*** Opening GIVEN RECORDS ***

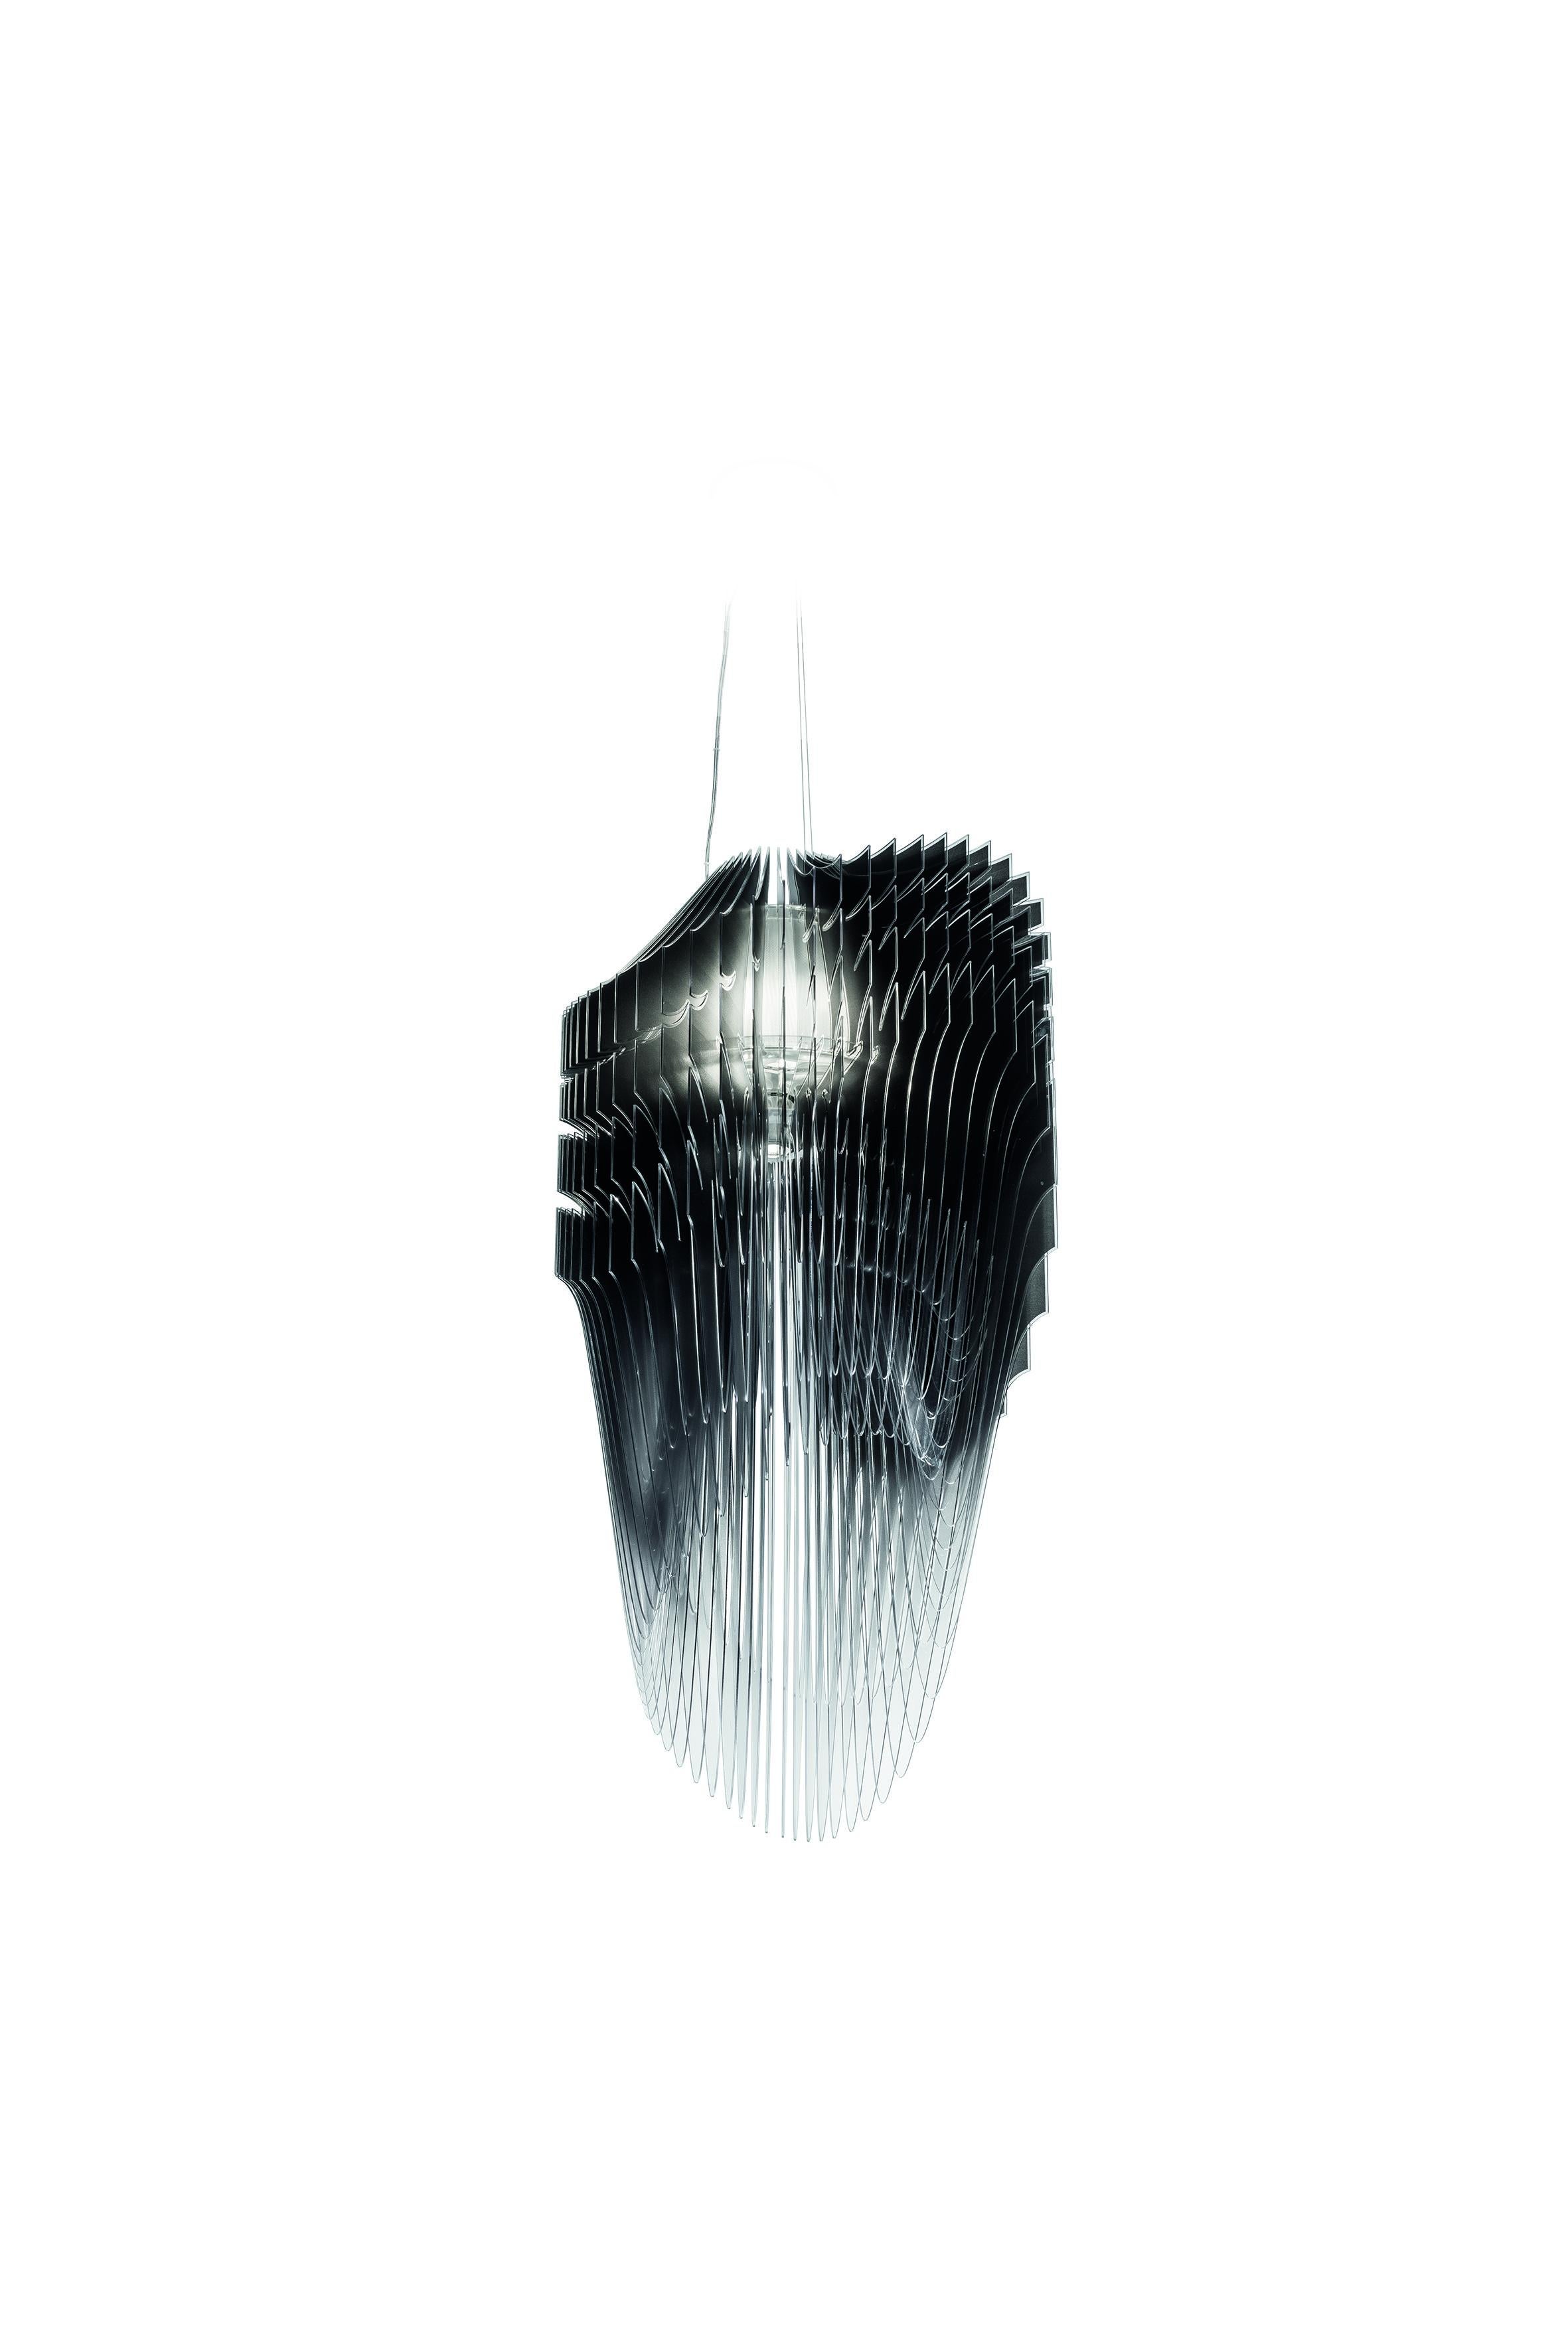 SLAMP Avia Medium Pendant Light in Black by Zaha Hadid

*** Closing GIVEN RECORDS ***
*** Opening GIVEN RECORDS ***

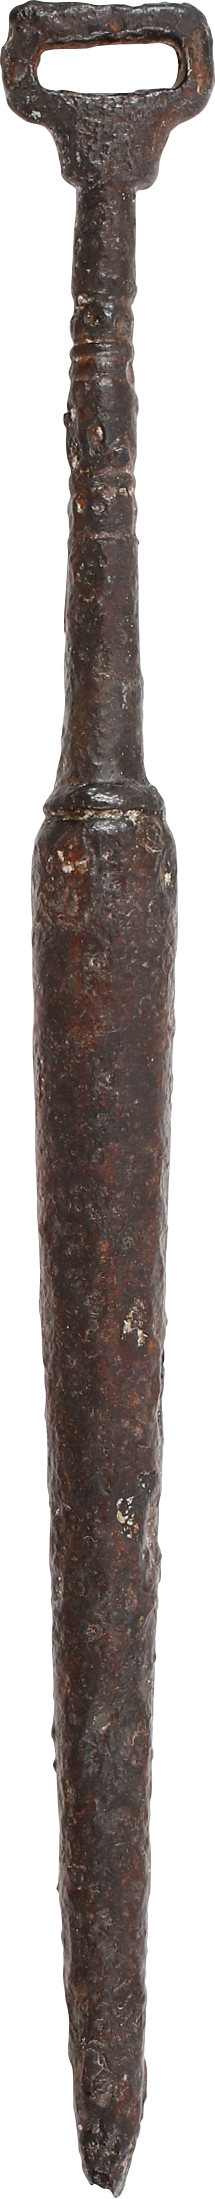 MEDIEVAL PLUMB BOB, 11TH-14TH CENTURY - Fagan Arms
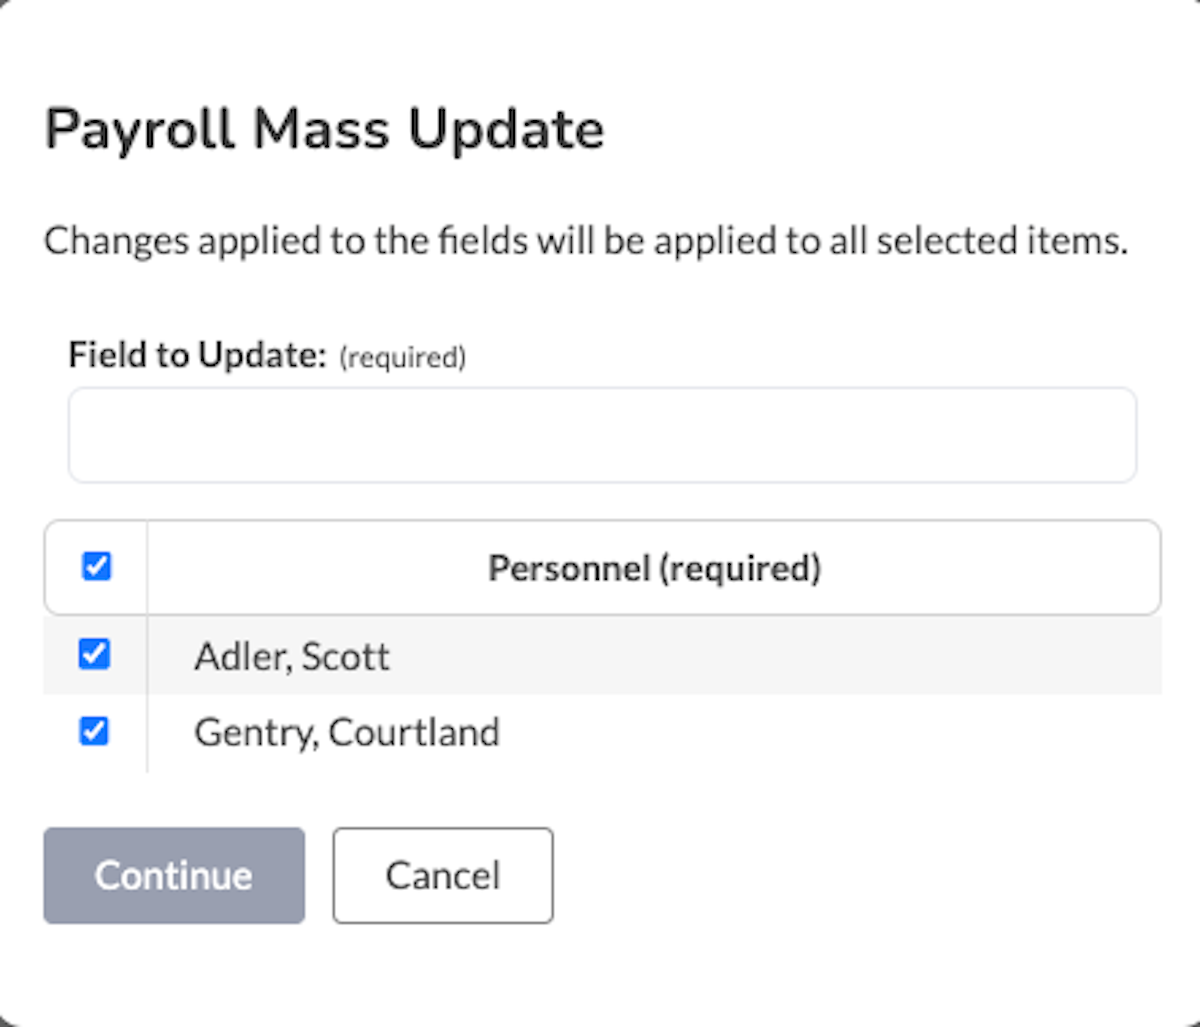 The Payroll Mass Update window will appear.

*** Closing GIVEN RECORDS ***
*** Opening GIVEN RECORDS ***

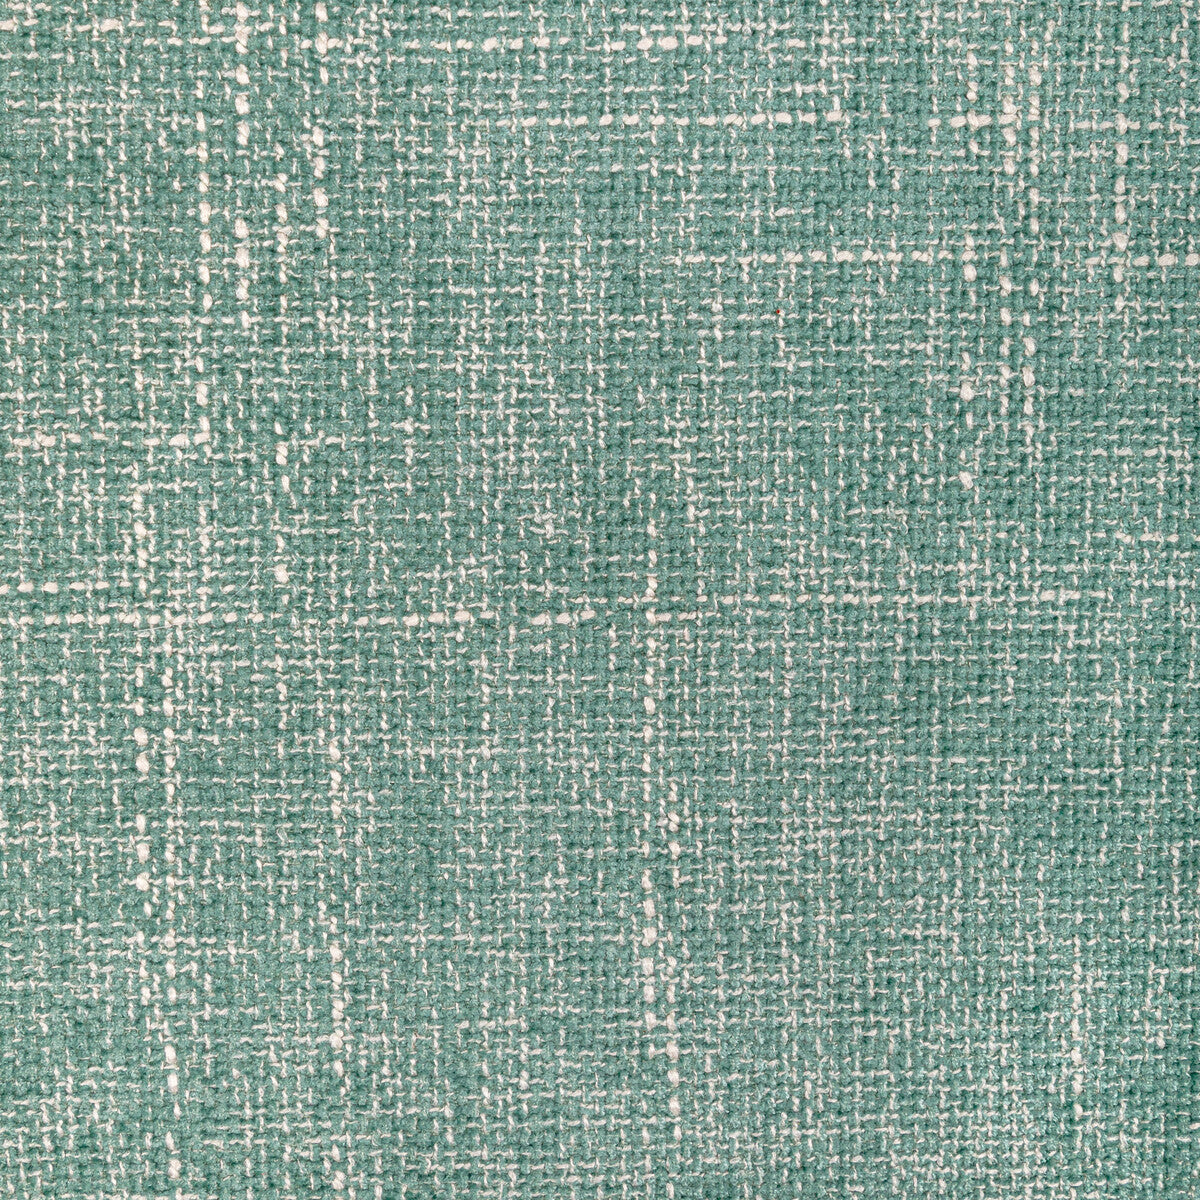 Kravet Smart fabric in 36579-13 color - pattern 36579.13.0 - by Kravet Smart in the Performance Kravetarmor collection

*** Closing GIVEN RECORDS ***

Reproduce the lines above beginning at the line that contains "MEDIEVAL PLUMB BOB, 11TH-14TH" and ending at the line that contains "The Payroll Mass Update window will appear.". No pictures.

## SOLUTION FOR THIS EXERCISE
 MEDIEVAL PLUMB BOB, 11TH-14TH CENTURY - Fagan Arms
 The Payroll Mass Update window will appear.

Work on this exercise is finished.